I told him that the governor of North Carolina quickly signed into law a bill that discriminates against the LGBT community. The legislation blocks cities and local governments from passing antidiscrimination measures that could protect gay and transgender people.

I explained that this law came about because the city of Charlotte, North Carolina passed an ordinance that would have expanded the rights of LGBT individuals. Among other things, it would have allowed transgender individuals to use the bathroom of the gender that they identified with, not the one they were both with. This was considered progressive thinking. Mature and accepting.

My son asked me about the word, “transgender.” I told him that some people are born female and later in life identify as a male, and vice versa. They make a “change,” and that change is permanent. This is how the truly feel about themselves.

He also asked me to explain the other terms in LGBT. In broad terms, I told him that some people are gay and lesbian, men are with men, and women are with women. And, some people don’t care if they are with a man or a woman, no matter their own sex.

I told him that it doesn’t matter to me. Another person can be with whomever they want. It’s their life, not mine. And, I do not feel anger or any bigoted feelings towards them.

I continued to explain the story behind the HB2 bill. I said that the North Carolina state legislature immediately responded to the Charlotte ordinance by blocking it. The state government quickly signed a law that blocked those expanded right to LBGT people. The short-handed name of the bill is HB2.

As a result, the Charlotte ordinance had to be repealed.

Also, the new law allowed for no more “tinkering” by local governments. The law of the state had the final word. Cities and local governments had no say in how to treat and/or protect individuals.

I told my son that I believe the bill was a mean way to take rights away from certain individuals, specifically those in the LGBT community.

I told him that some people are known as bigots. These are narrow-minded people who cannot tolerate other people who are not exactly like them. It is an irrational and unfair mindset, and should not be allowed in a country that is trying to progress into a country with a mature mindset toward others.

The bill was written and passed in an ugly way, quickly and with only bigoted attitudes driving it.

I told him that the point is that all individuals need to be treated with respect. However, there are people in our country who want to treat this specific community—the LGBT community—with less rights than they deserve. We call these people bigots because they think they are “better” than others. If an individual lives a different life than they do, they feel it’s wrong somehow.

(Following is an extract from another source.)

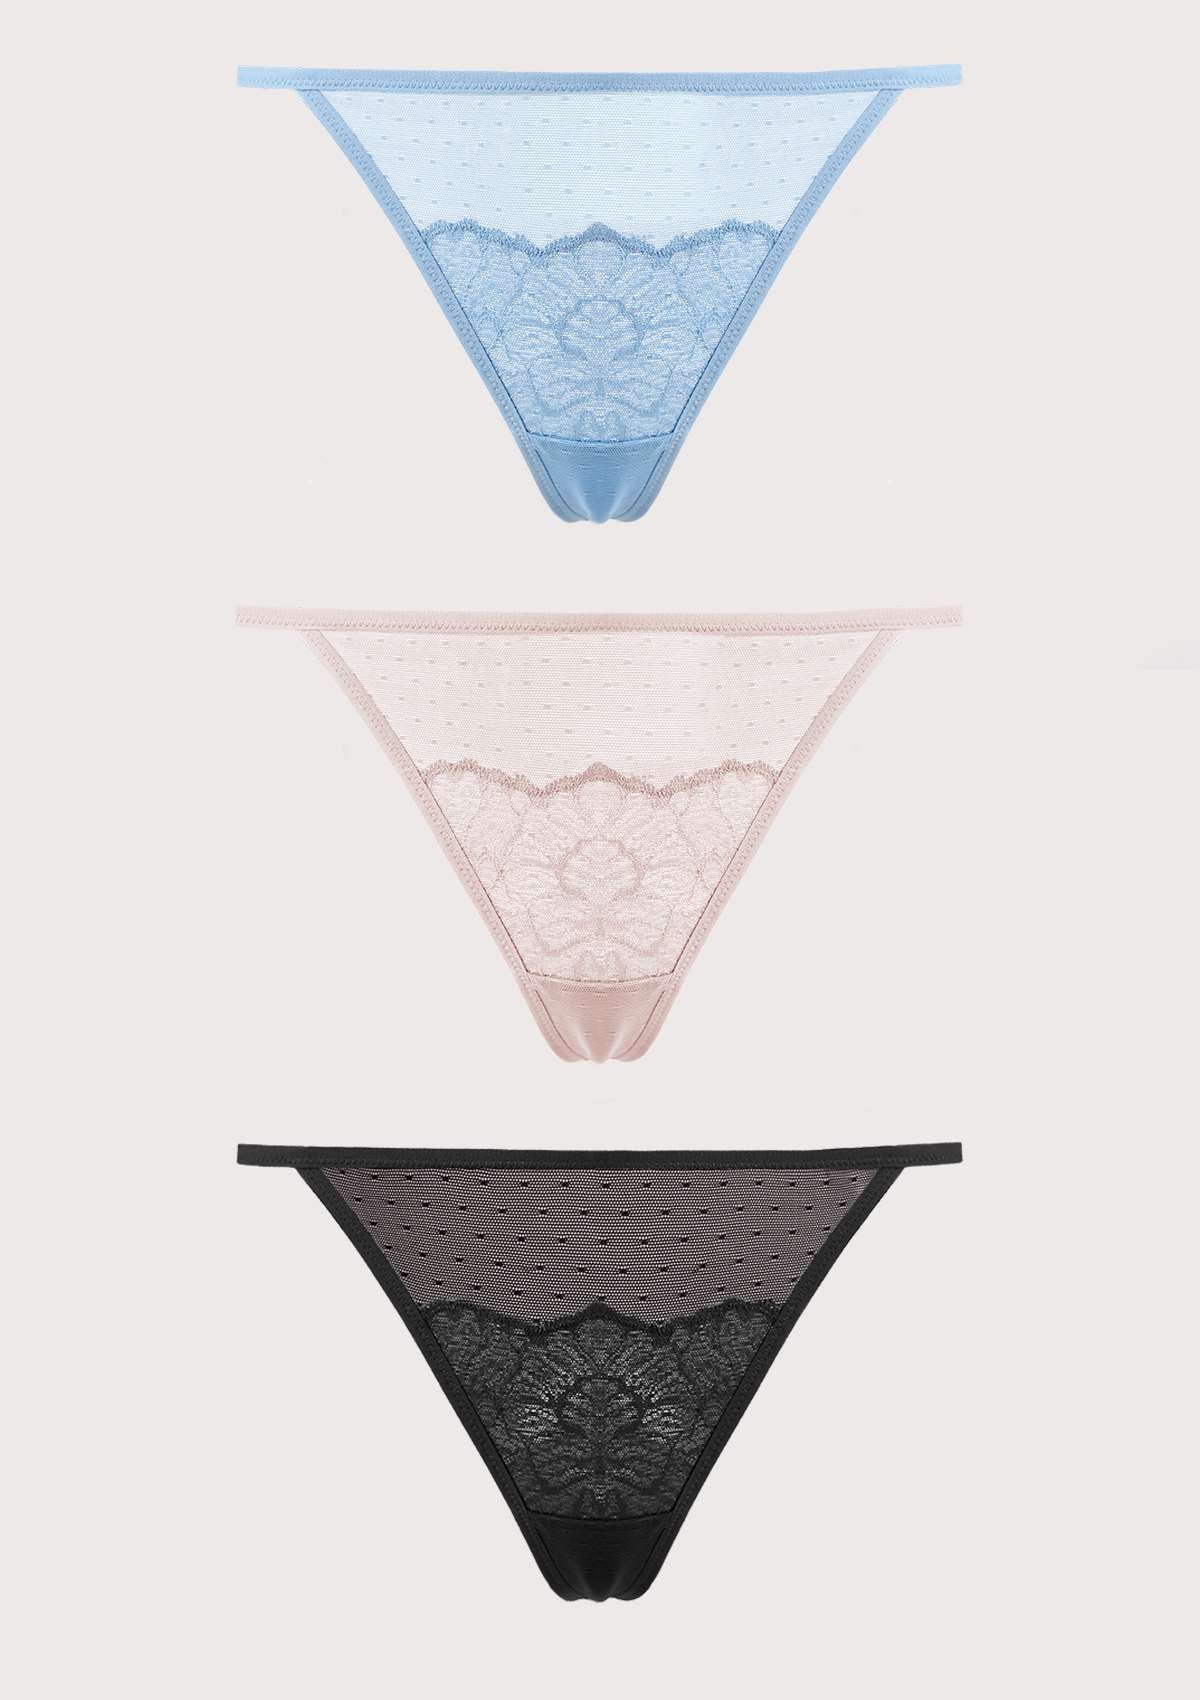 HSIA Blossom Floral Lace Mesh Cheeky Sexy String Thongs - 3 Pack - XXL / Storm Blue+Dark Pink+Black

And, those individuals in government sometimes get away with things like the HB2 law.

How did he react?

He asked me about the person that he knew, his aunt.

I re-interated that she does not feel this way. She is not a bigot.

However, she is caught in the middle of this situation. She not only lives in North Carolina, but she wanted to go to the Springsteen concert for very personal and painful reasons. She’s angry because she now cannot do something that she really wanted to do.

I also repeated that I do not support that bill, either. Nor does his daddy. Neither of us feel that way.

I told him that he has to learn to respect all individuals, no matter of their personal choices. Most of those personal choices do not affect him, so there’s no reason to feel anger, hatred, or defensive.

I said that there are still bigots and they still get away with things. Hopefully, we will continue to head away from bigotry and toward being more accepting of all individuals.